Public faith in politics may be the casualty of this scandal

As with expenses, politicians are tempted down the route of self-flagellation which does not tackle

By Olly Grender

“It was the Sun wot won it” crowed the front page after the 1992 general election. On the previous day, their front page warned the voters “If Kinnock wins today, will the last person to leave Britain please turn out the lights”. Sometime later, a story emerged that in a focus group someone said “I didn’t vote for Neil Kinnock because I heard he had a light bulb inside his head”. Entirely plausible, because people often have impressions of politicians and rarely — oh, so rarely — have the detail.

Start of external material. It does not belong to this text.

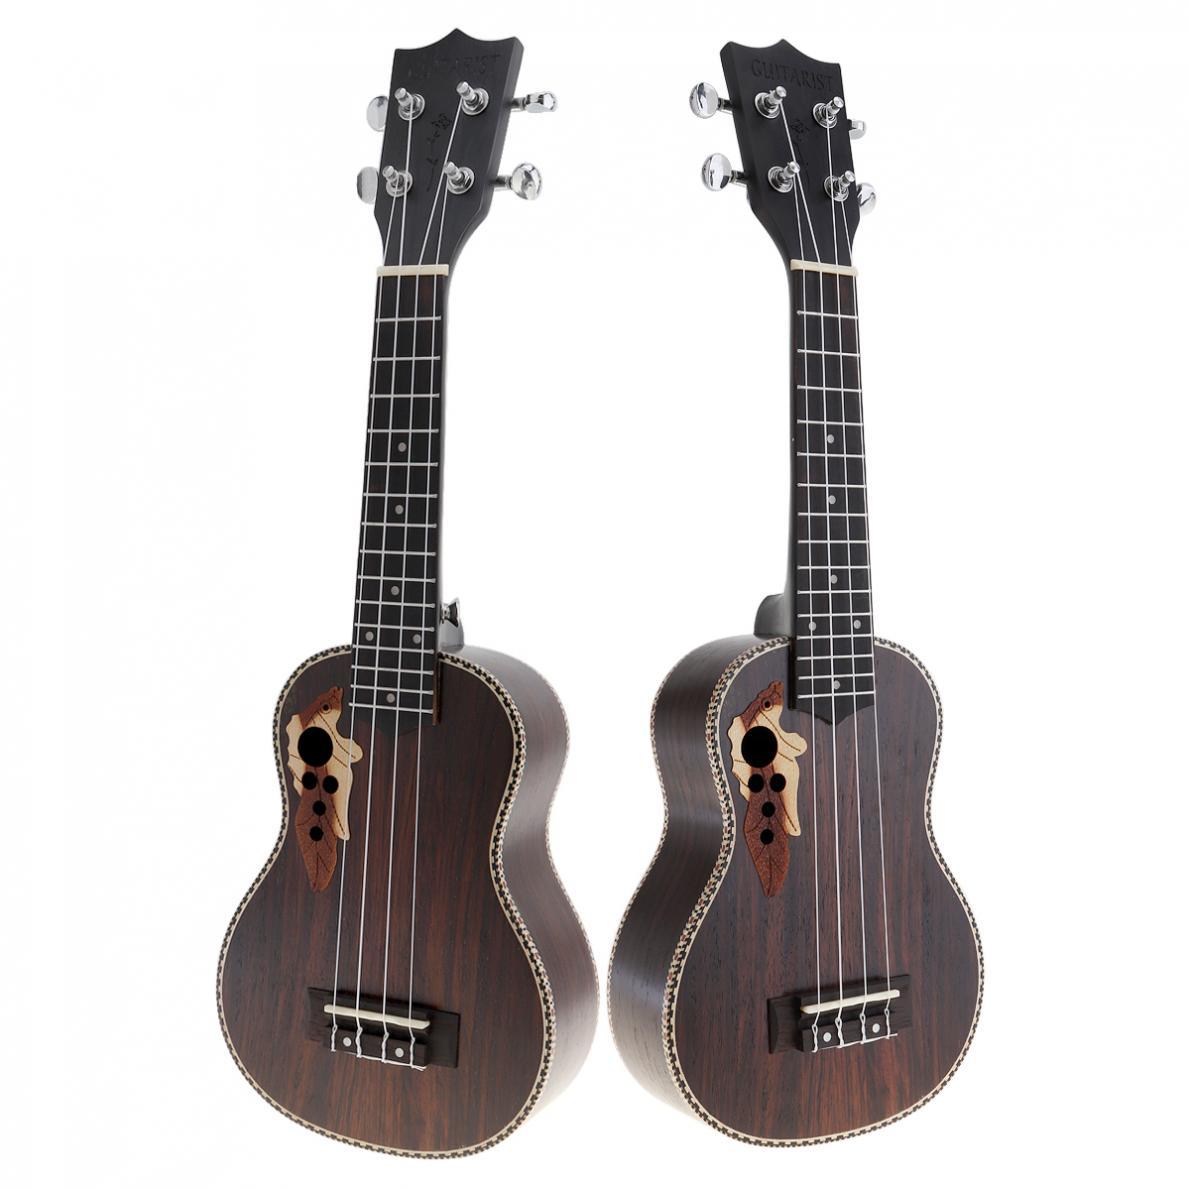 Ukulélé 21 pouces Soprano plein bois de rose acoustique ukulélé Uke 4 cordes Hawaii guitare Instrument de guitare avec chaîne italienne AQ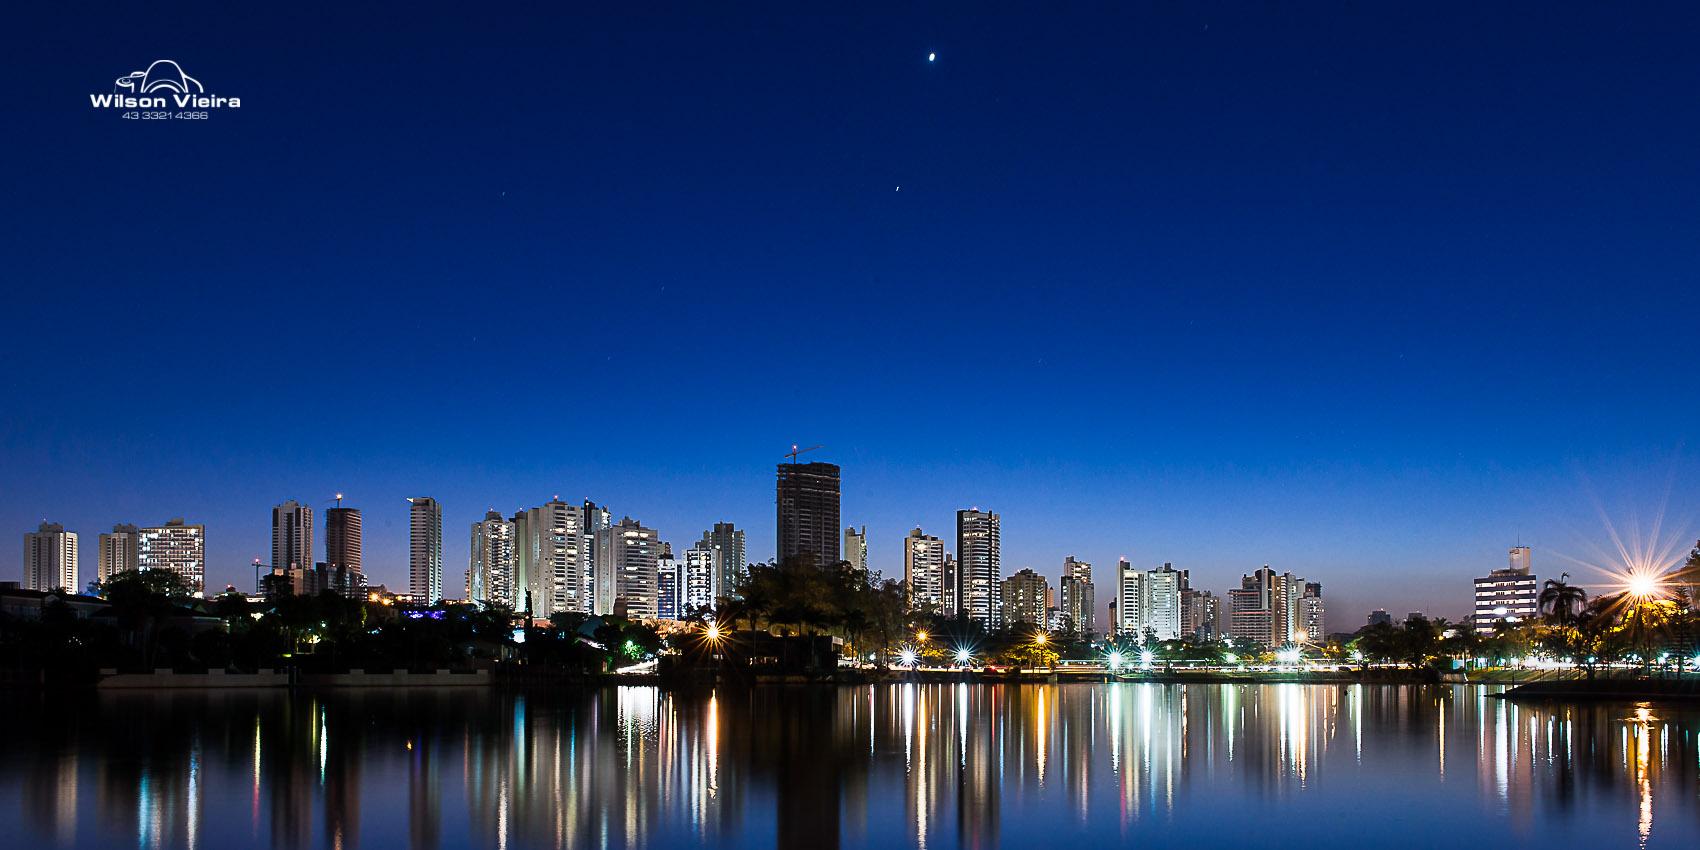 Londrina Parana

It would be no great surprise in a focus group today to discover that everyone believes David Cameron’s wife held a slumber party for Rebekah Brooks, when it was actually Sarah Brown; that Tony Blair went horse riding with Brooks when it was David Cameron; that Nick Clegg held a séance with James Murdoch, which I know to be untrue in the same way I know that Neil Kinnock never had a light bulb inside his head.

Which is why when it comes to this next step towards truth and reconciliation between the media and politicians, we should all be cautious. People will, at the end of this, believe that all of them are as bad as each other, and be left with an impression of sleaze running through the media, police and politics.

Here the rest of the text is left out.